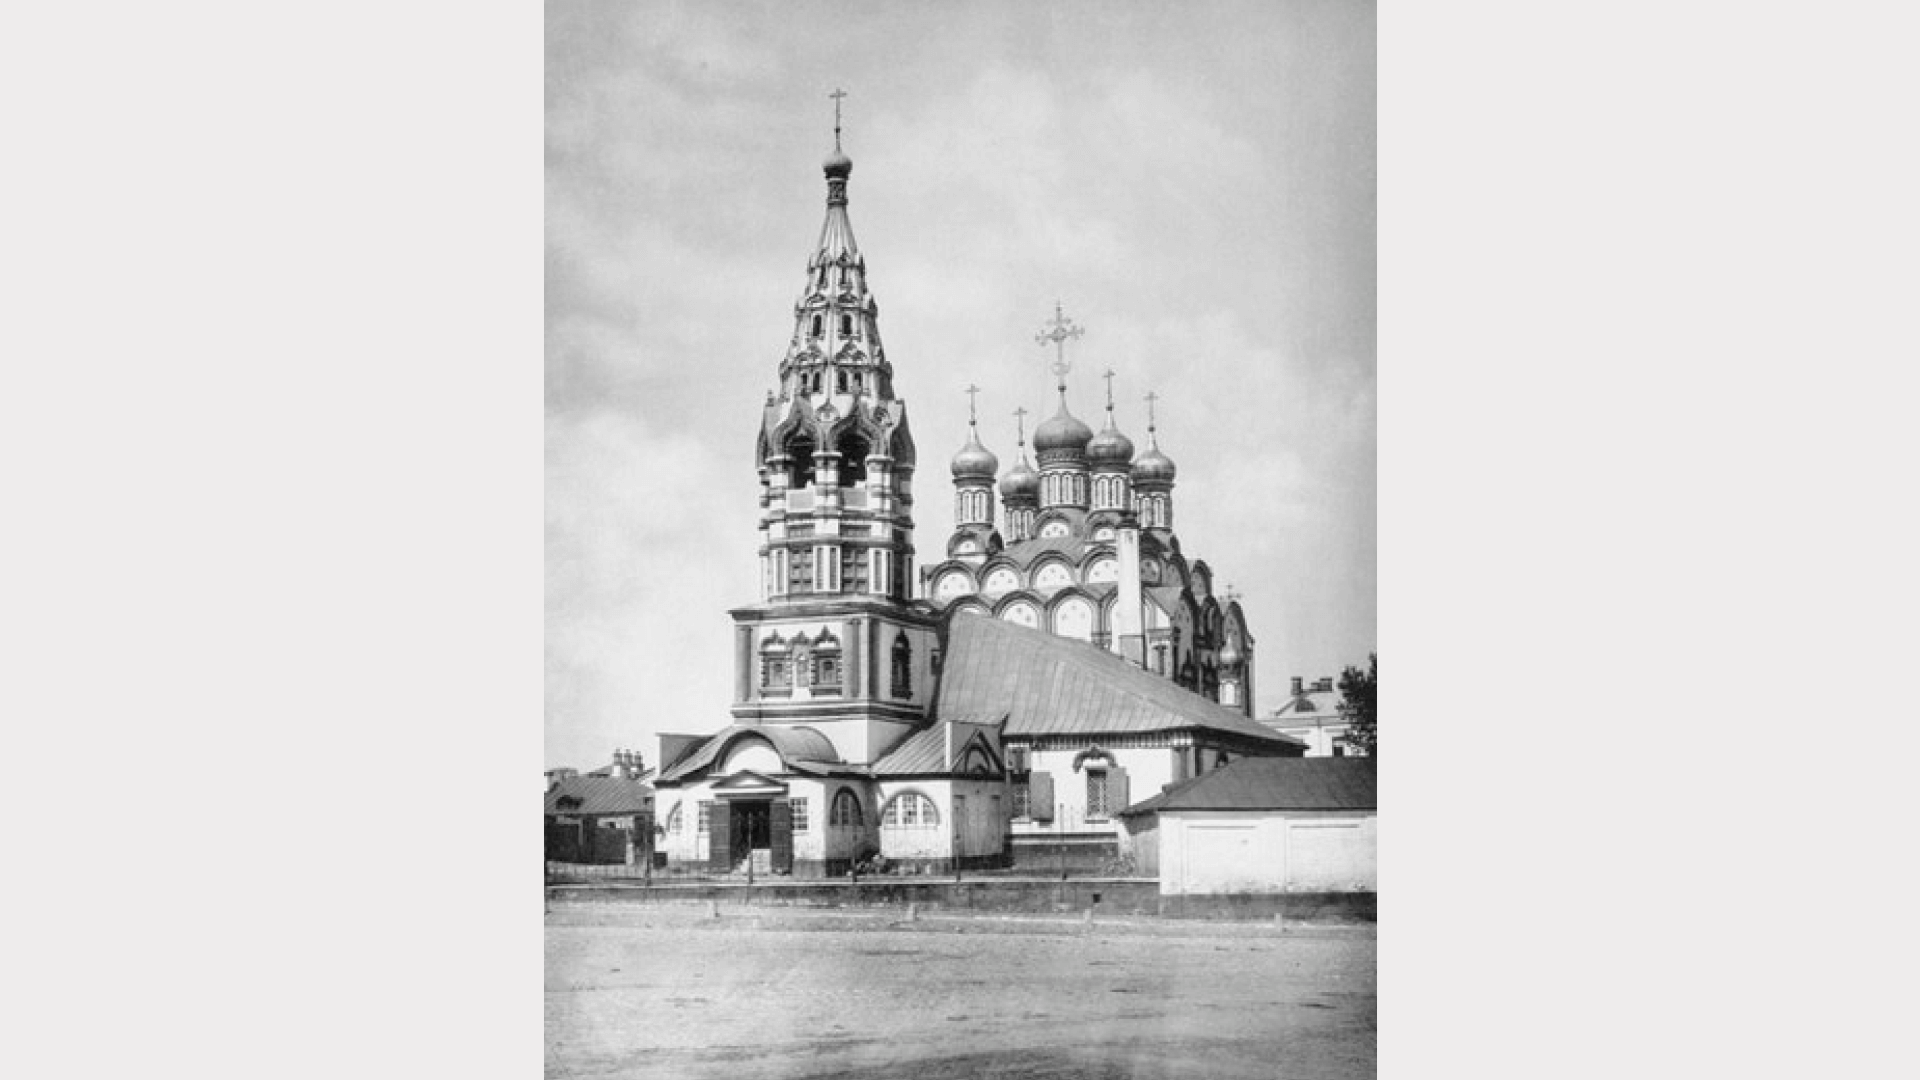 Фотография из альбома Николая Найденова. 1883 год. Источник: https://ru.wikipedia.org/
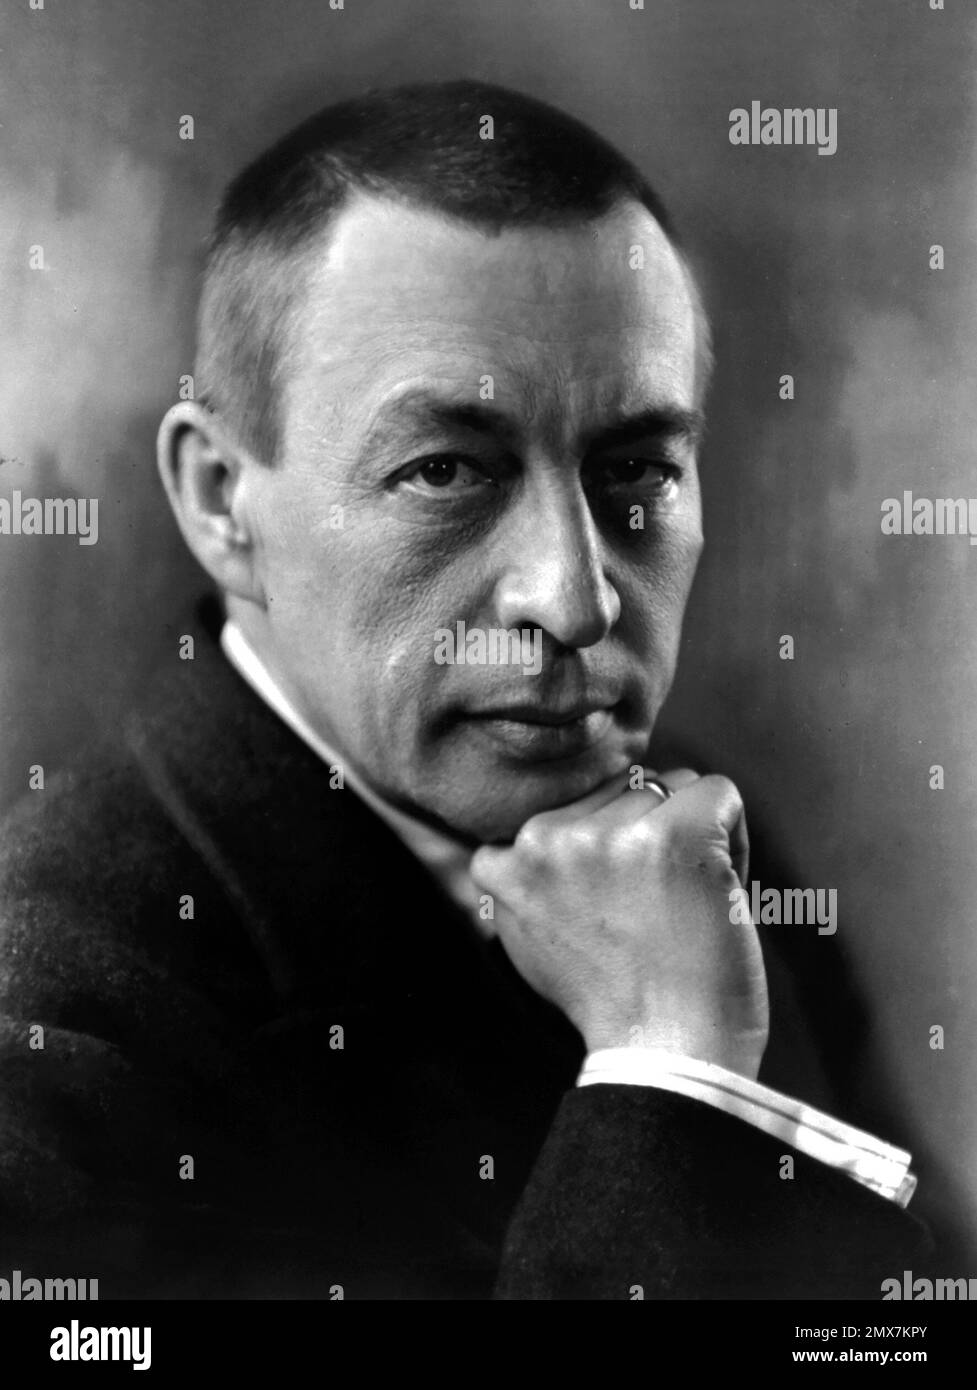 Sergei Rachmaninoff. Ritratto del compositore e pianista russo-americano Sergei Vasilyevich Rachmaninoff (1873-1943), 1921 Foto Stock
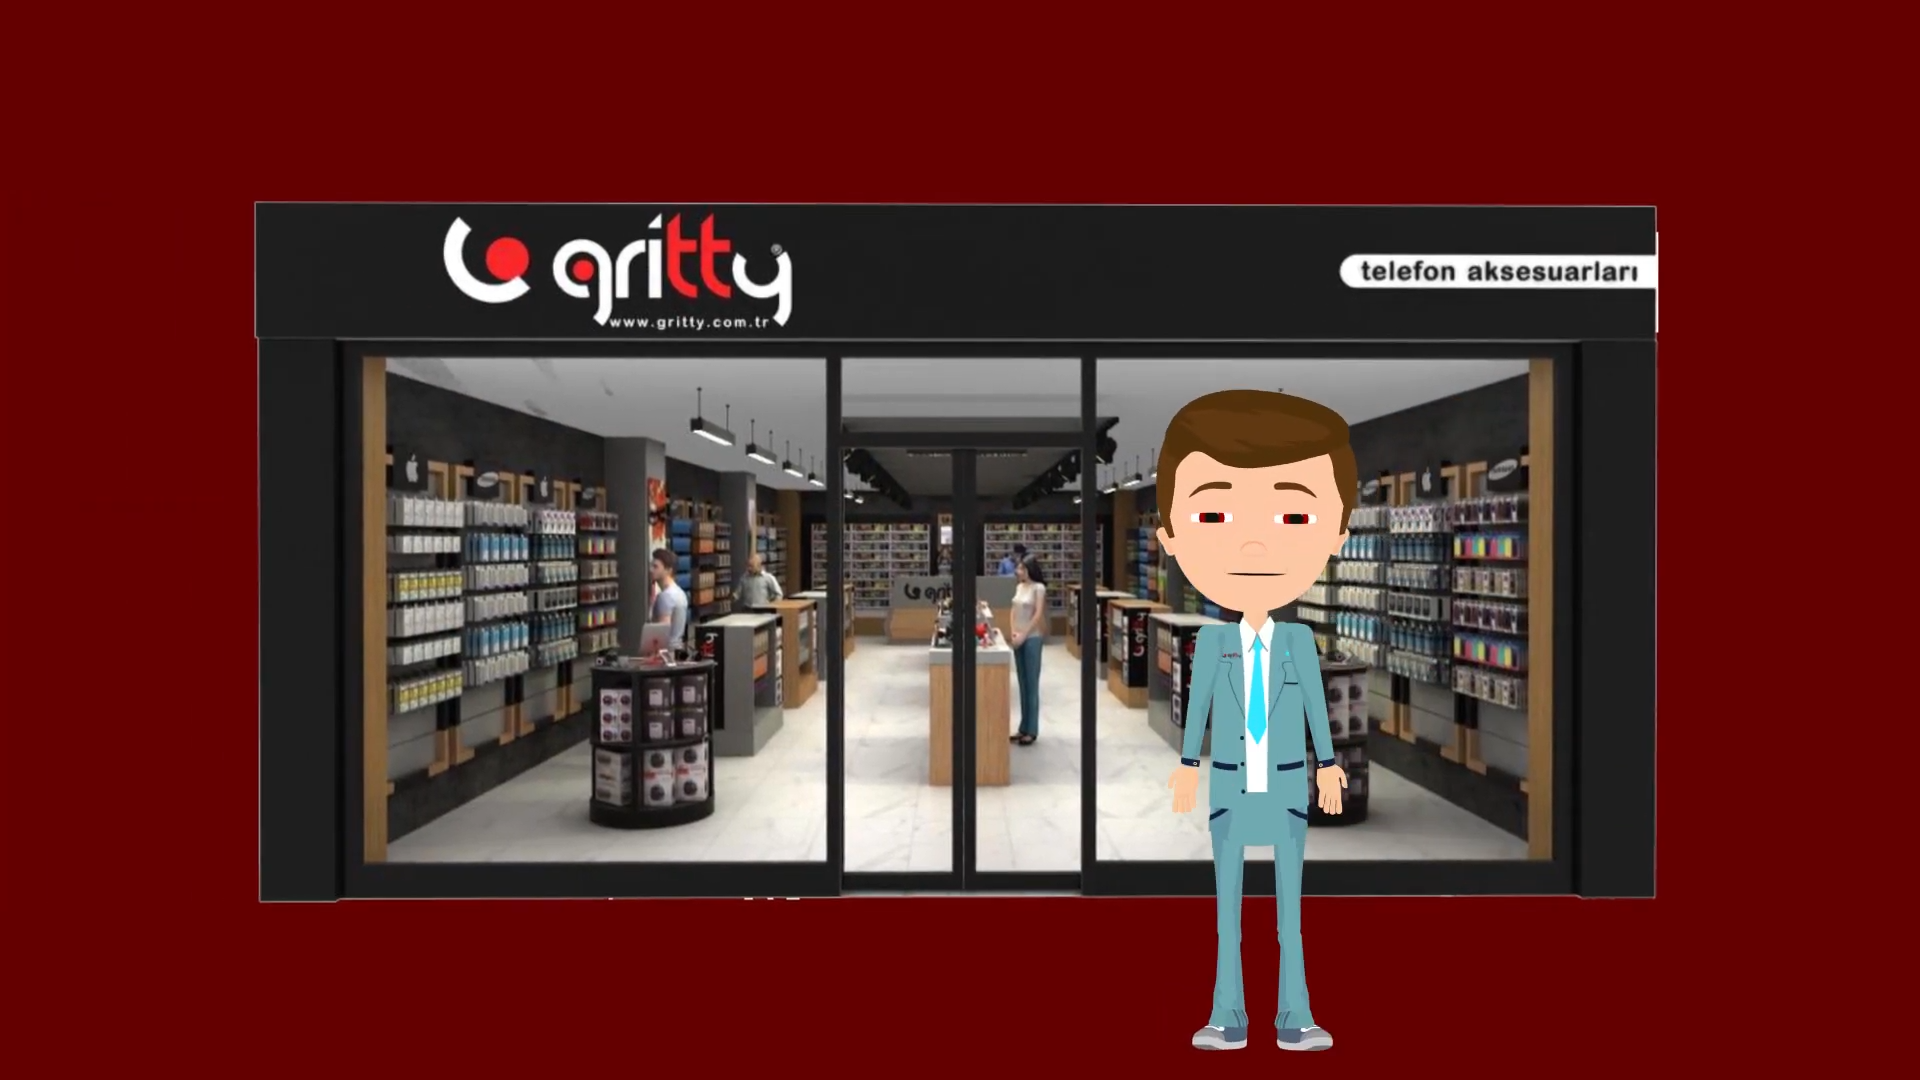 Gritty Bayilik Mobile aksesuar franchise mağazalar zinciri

◇ ◇ ◇ ◇

**BRIEF**
Transcribe the whole listing exactly as it stands, apart from the pictures.

**RESULT**
 Фотография из альбома Николая Найденова. 1883 год. Источник: https://ru.wikipedia.org/
 Sergei Rachmaninoff. Ritratto del compositore e pianista russo-americano Sergei Vasilyevich Rachmaninoff (1873-1943), 1921 Foto Stock
 Gritty Bayilik Mobile aksesuar franchise mağazalar zinciri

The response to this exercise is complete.